StyleTTS2 TensorRT Optimization

Is there any TensorRT optimised inference available?

Nov 06 '24 14:11 nityanandmathur

No

Nov 10 '24 08:11 78Alpha

StyleTTS2 consists of several models and components that work together to generate audio. To optimize it using TensorRT, you first need to convert each model separately from PyTorch to ONNX.

Once converted, you can either:

Run the ONNX models using ONNX Runtime with the TensorRT execution provider, or
Convert the ONNX models directly into TensorRT format and perform inference using TensorRT's Python or C++ API.

From my experience with ablation studies, the decoder is the most resource-intensive component in StyleTTS2. If you aim for partial optimization, converting just the decoder from PyTorch to ONNX and running it in TensorRT can provide significant speed improvements. Alternatively, converting all models to ONNX and running them in ONNX Runtime with the TensorRT execution provider will also yield noticeable performance gains. This approach is feasible and I have tested it.

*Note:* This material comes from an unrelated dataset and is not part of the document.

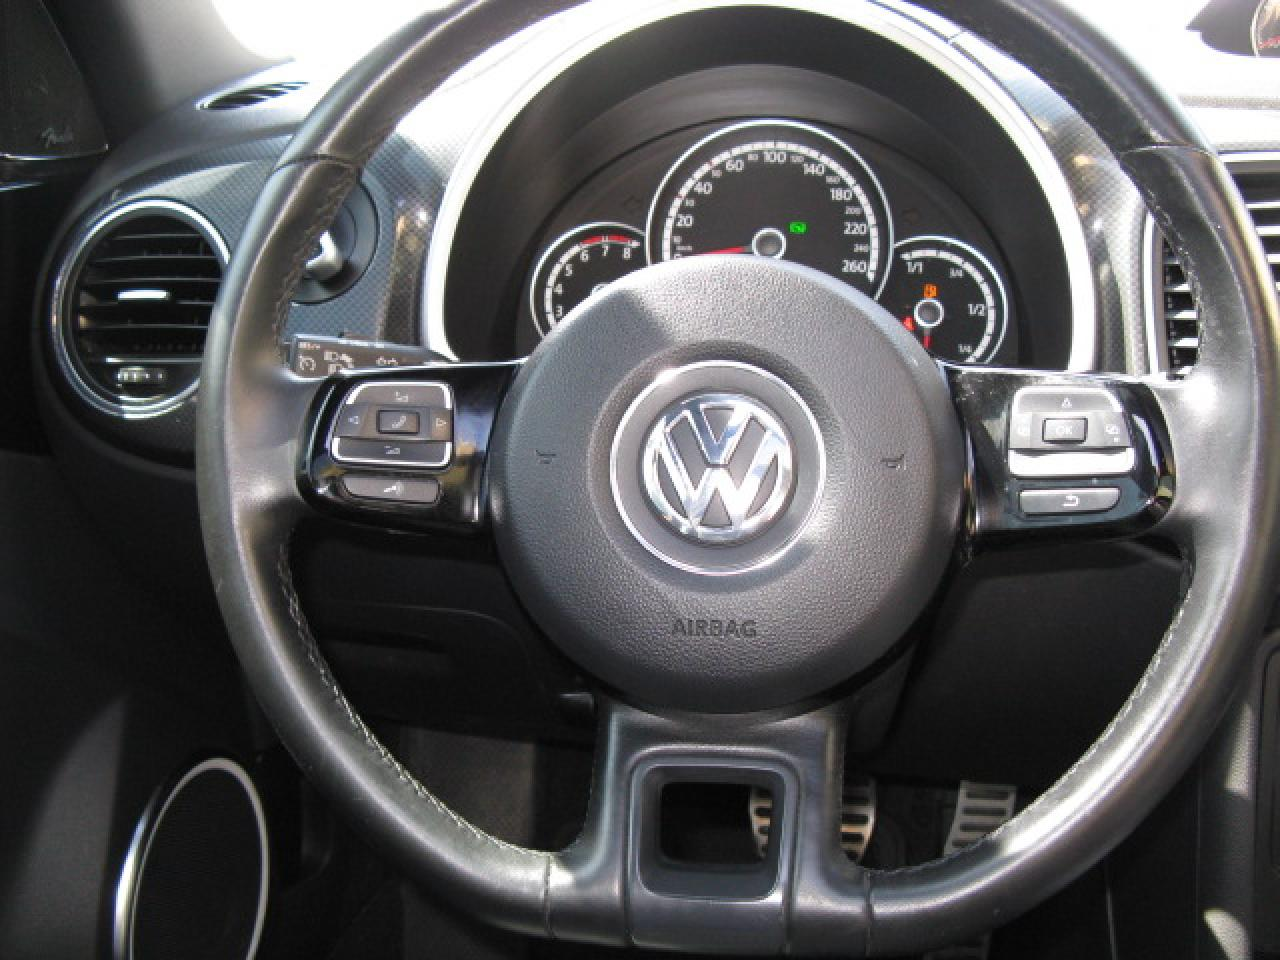 2013 Volkswagen Beetle 2.0T Turbo NAVIGATION LEATHER SUNROOF

Dec 12 '24 08:12 UmerrAhsan

HI @UmerrAhsan. Could you please share the overall latencies of your ONNX model?

Dec 12 '24 11:12 nityanandmathur

Hi @nityanandmathur. I have ran the decoder model and predictor.text encoder model in tensorrt. It decreases my latency by over 50%. Also I have cached the style vectors from diffusion and style encoder before. After that, a single short sentence runs in under 100ms.

Dec 12 '24 12:12 UmerrAhsan

@UmerrAhsan Are you open to do a contract job about optimize StyleTTS2 using TensorRT? If so, Could we connect over email? shank187 at gmail dot com

May 29 '25 10:05 moesaeed

@UmerrAhsan - Could you (or anyone else) share an example of how to load and run the ONNX model using C++? Thank you :)

Oct 22 '25 14:10 anadeprado4